My handwork so far: The problem implicitly tell that $A$ has multiplicative identity $1$. Moreover, if $n$ is minimum number such that $\underbrace{1+1+\dots+1}_{n}=0$, then $char(A)=n$. It imply $Order(A)=nc$ for natural number $c$.
Could I try this idea ? \begin{align*} a^k&=a+1\\ a^k-a&=1\\ a(a^{k-1}-1)&=1 \end{align*} Hence, $a^{k-1}-1$ is multiplicative inverse of $a$.
By $n.1=0$, we have $n.a=0$, $na^{k-1}=0$ and $n(a^{k-1}-1)=0 \iff na^{k-1}=n$. But it means $n=0$.
Do you have any idea ?
Let $f \in Z_n[x]$ be defined by $f(x) = x^k - x - 1$.

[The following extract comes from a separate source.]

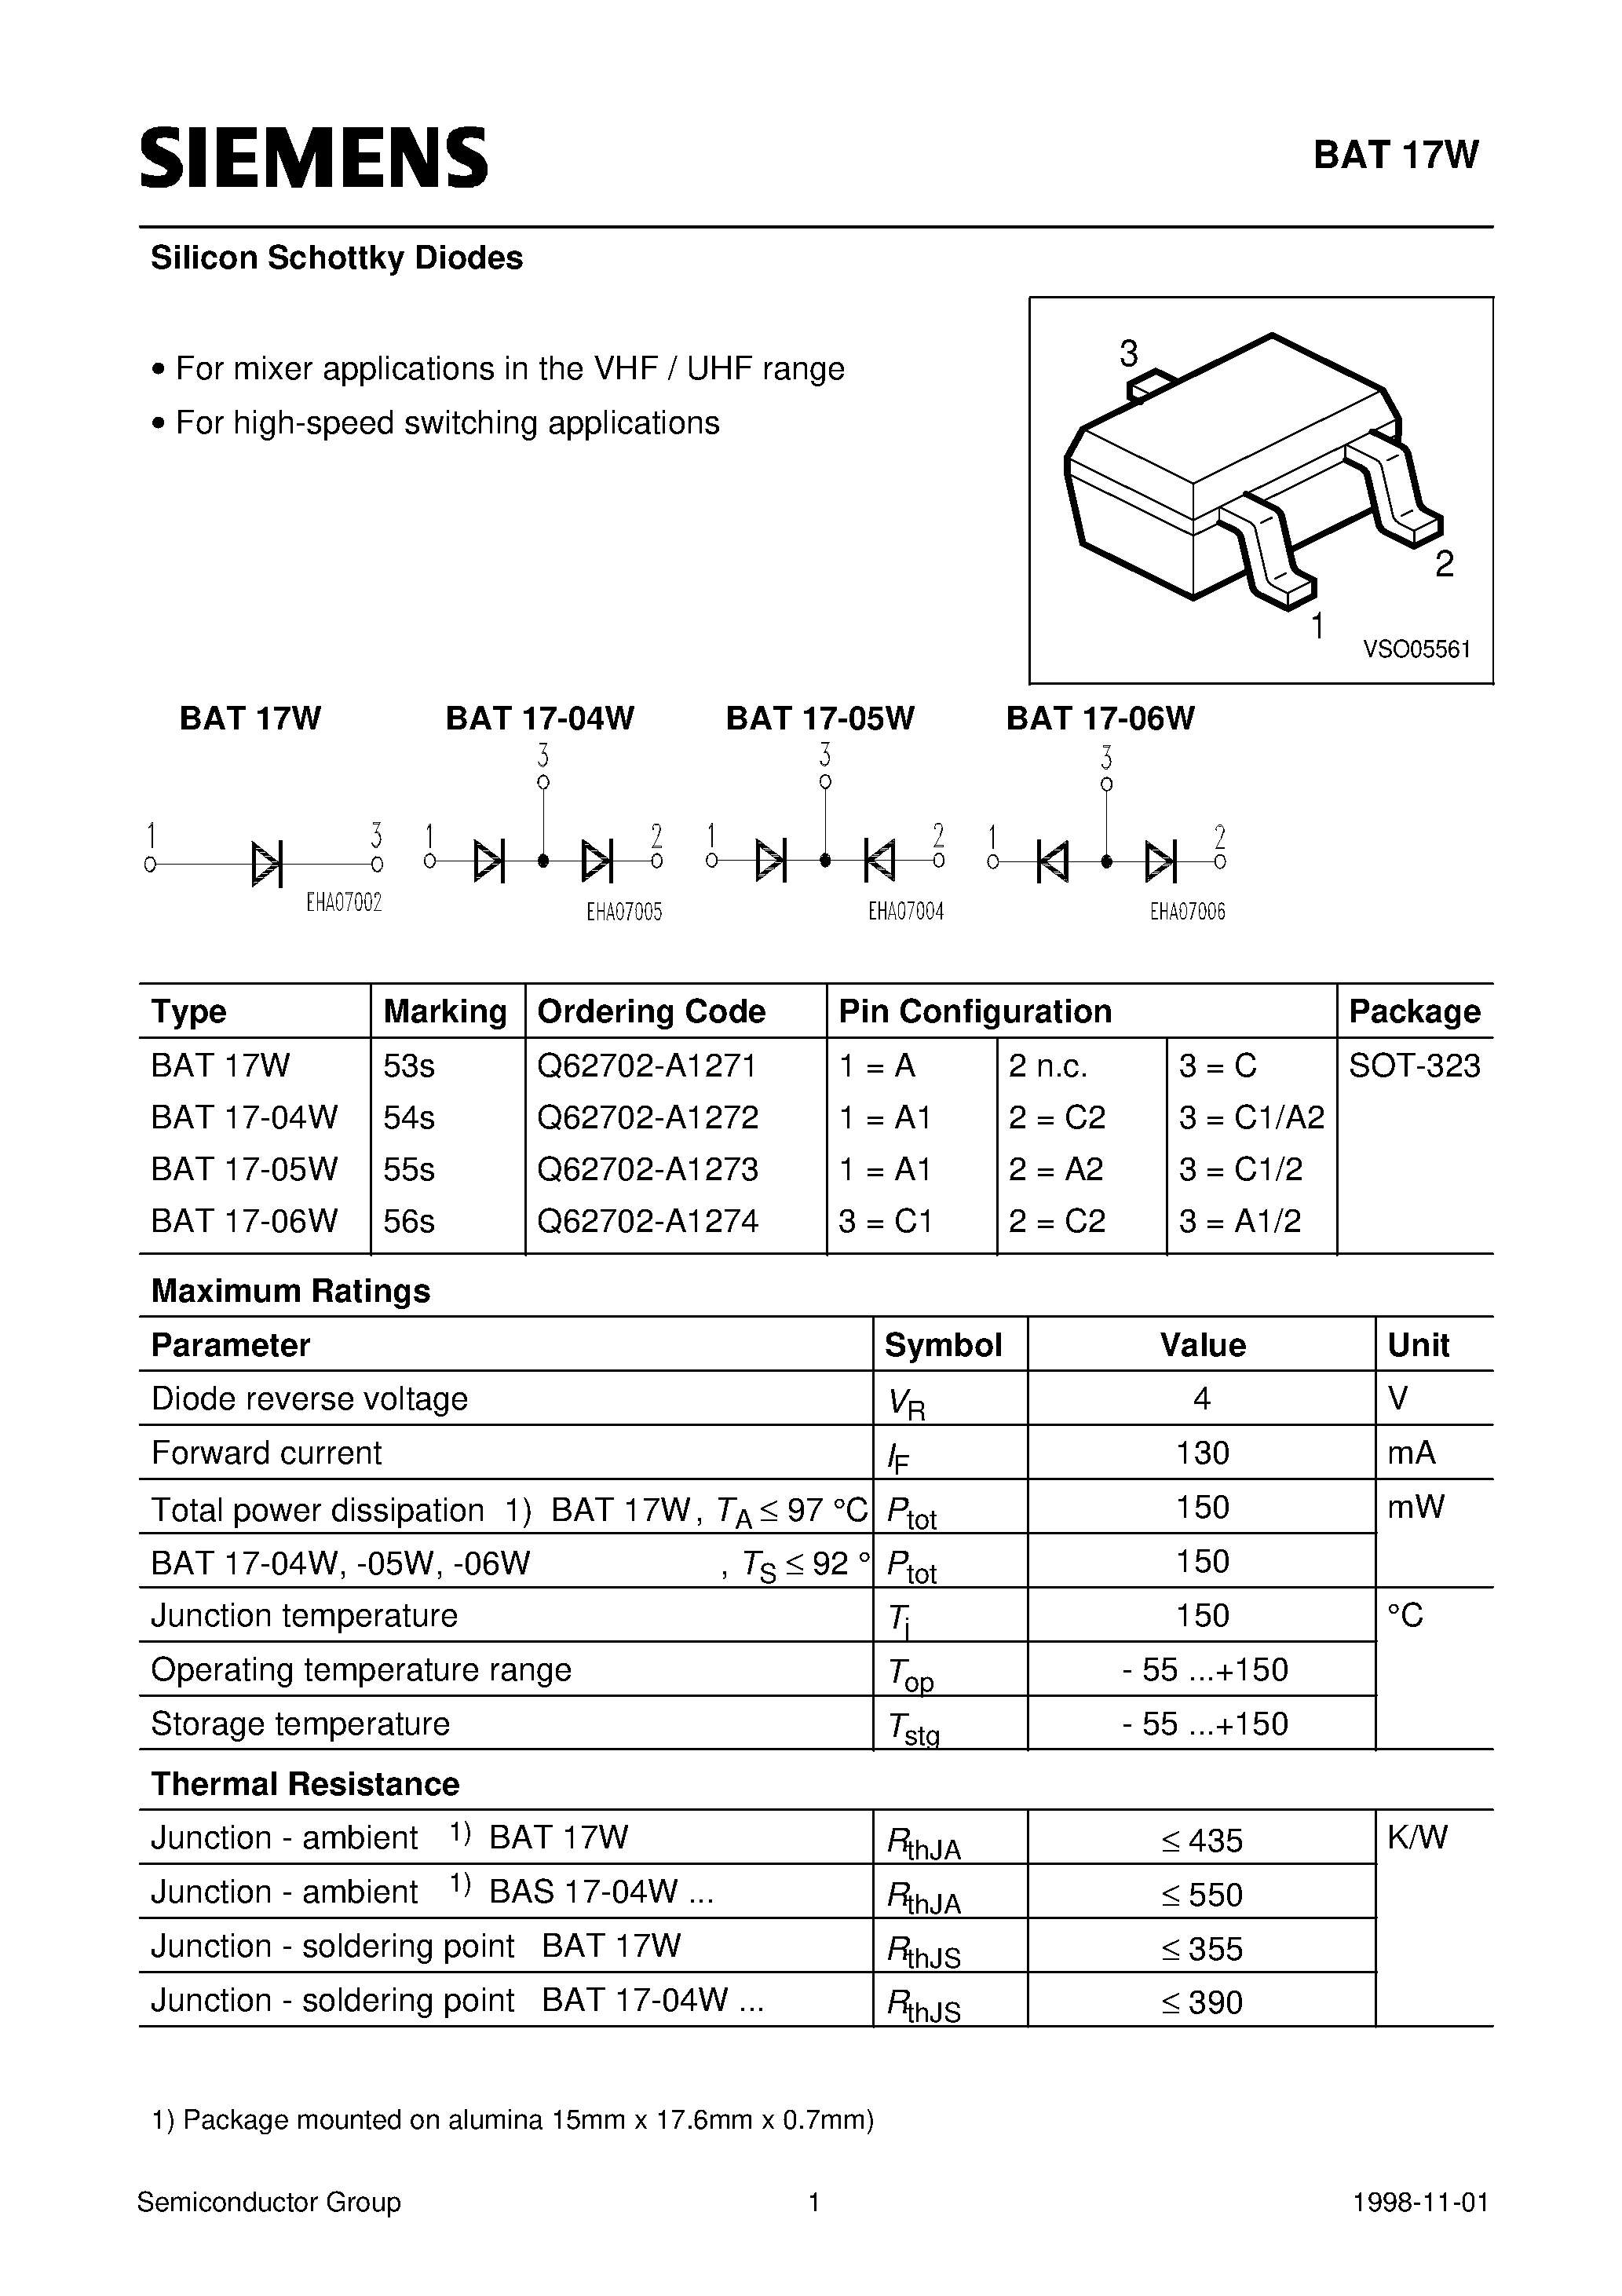 Datasheet BAT17-04W - Silicon Schottky Diodes (For mixer applications in the VHF / UHF range For high-speed switching applications) page 1

Let $B$ be the subring of $A$, generated by $a$.
Then every element $b \in B$ can be expressed in the form $b=g(a)$, where $g \in Z_n[x]$, and moreover, we can take $g$ such that $\text{deg}(g) < k$, else, since $f$ is monic of degree $k$, we can replace $g$ by its remainder when divided by $f$.
There are exactly $n^k$ polynomials in $Z_n[x]$ of degree less than $k$, hence the ring $B$ is finite.
Thus, the elements $1,a,a^2,a^3,...$ can't be distinct, so we must have $a^j = a^i$, for some $i,j$ with $0 \le i < j$.
As you noted, $a$ is invertible, hence, from $a^j = a^i$, we get $a^{j-i}=1$, which proves the claim.
With regard to your question about $n=0$, in the context where you obtained that result, the symbol $n$ represents the element $n$ in the ring $A$, and you already know it's zero, so it yields no new information.